Schon vor 13.000 Jahren griff der Mensch in die Umwelt ein
Bisher begann die Epoche, in der der Mensch für globale Veränderungen der Umwelt verantwortlich ist, für die Forscher um 1800. Doch nach neuesten Erkenntnissen muss man diese Einwirkungen wohl schon viel früher ansetzen.

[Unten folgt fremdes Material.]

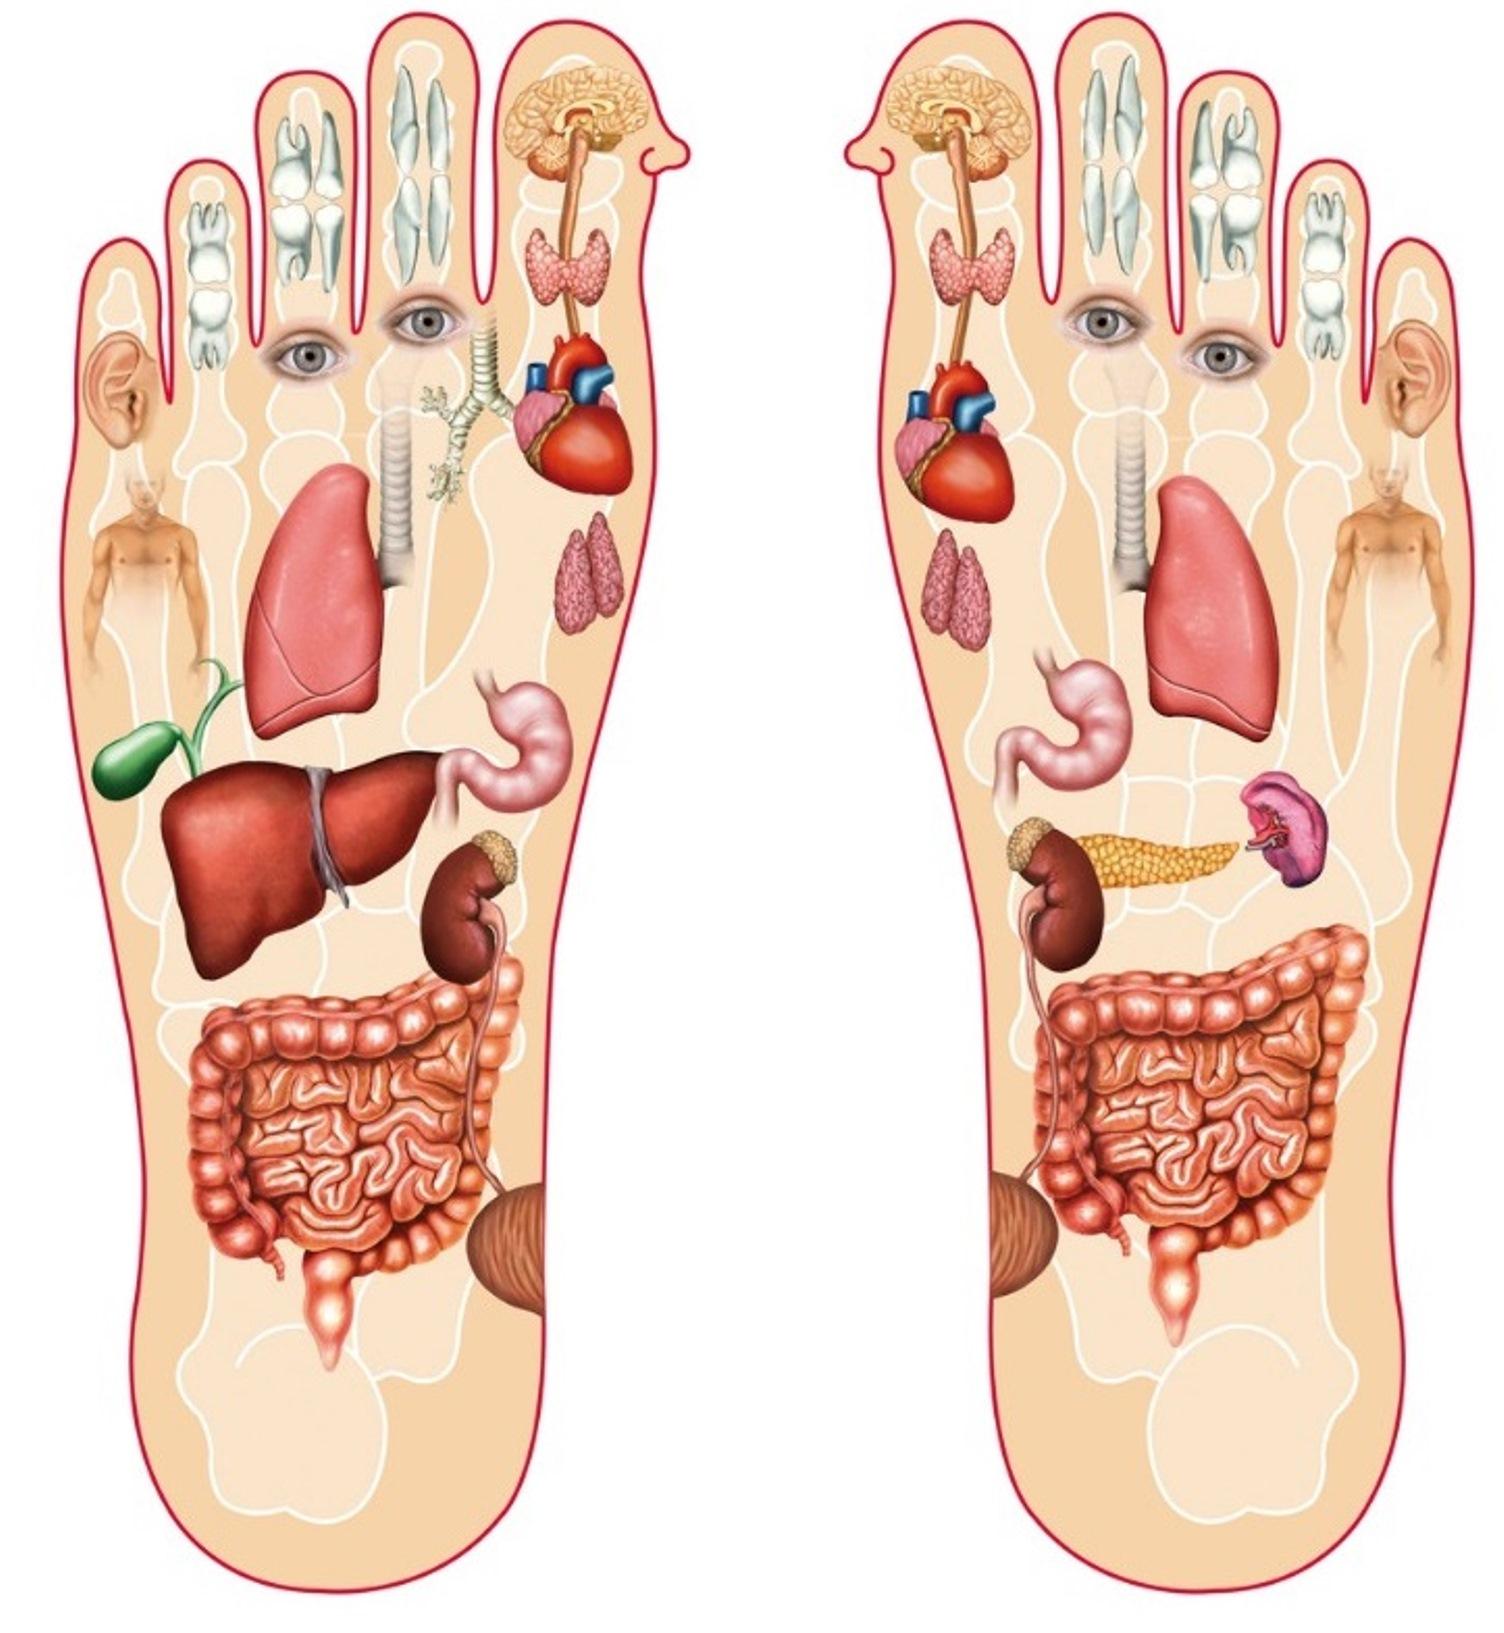 مواضع اعضاء الجسم في القدم
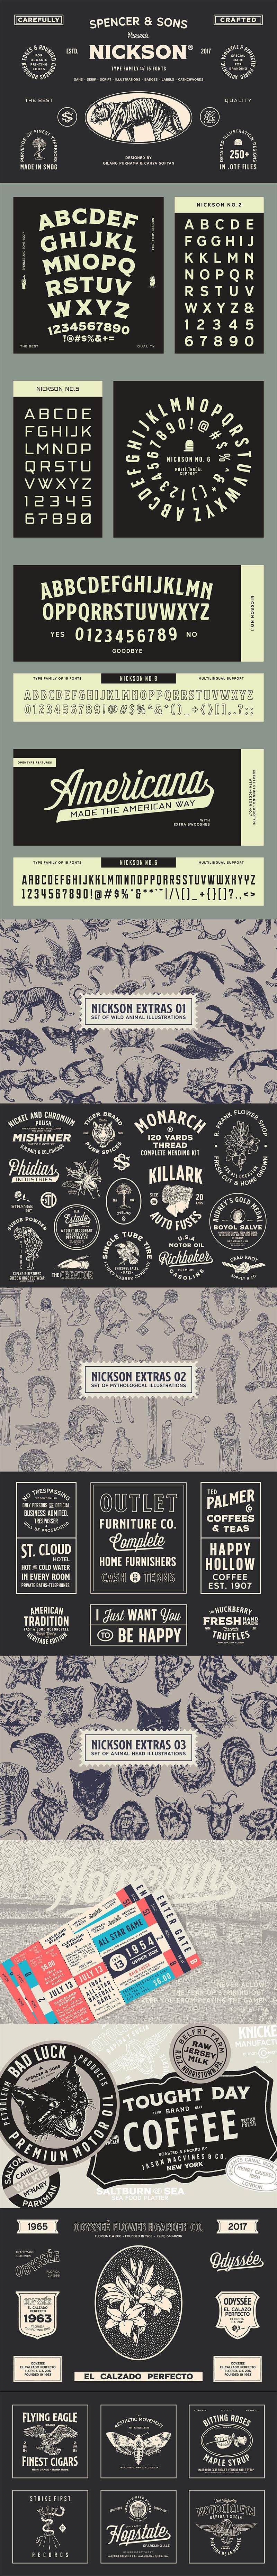 timeless-vintage-design-bundle-001-a

Bereits vor 13.000 Jahren veränderte sich das Klima auf unserem Planeten höchstwahrscheinlich durch das massive Eingreifen des Menschen in das natürlich Gleichgewicht. Zu dieser Zeit breitete sich der Mensch immer mehr aus, verdrängte größere Tiere und sorgte so dafür, dass u.a. das Mammut rasant ausstarb.
Heute hört man häufiger vom Methanausstoß der Kühe, die dadurch angeblich das Klima schädigen sollen. Ein ähnlicher Prozess hat sich wohl auch damals ereignet, nur eben viel massiver und gegenteilig: Die Mammuts hatten einen enormen Ausstoß an Methan, was eine 30 Mal stärkeren Wirkung als Treibhausgas hat als Kohlendioxid.
Durch den Wegfall dieser Mengen an Methan, veränderte sich das Klima und es kam zu einem erheblichen und plötzlichen Temperatursturz. Laut den Forschern sei die Auslöschung der Magefauna das früheste katastrophale Ereignis, das man menschlicher Aktivität zurechnen muss.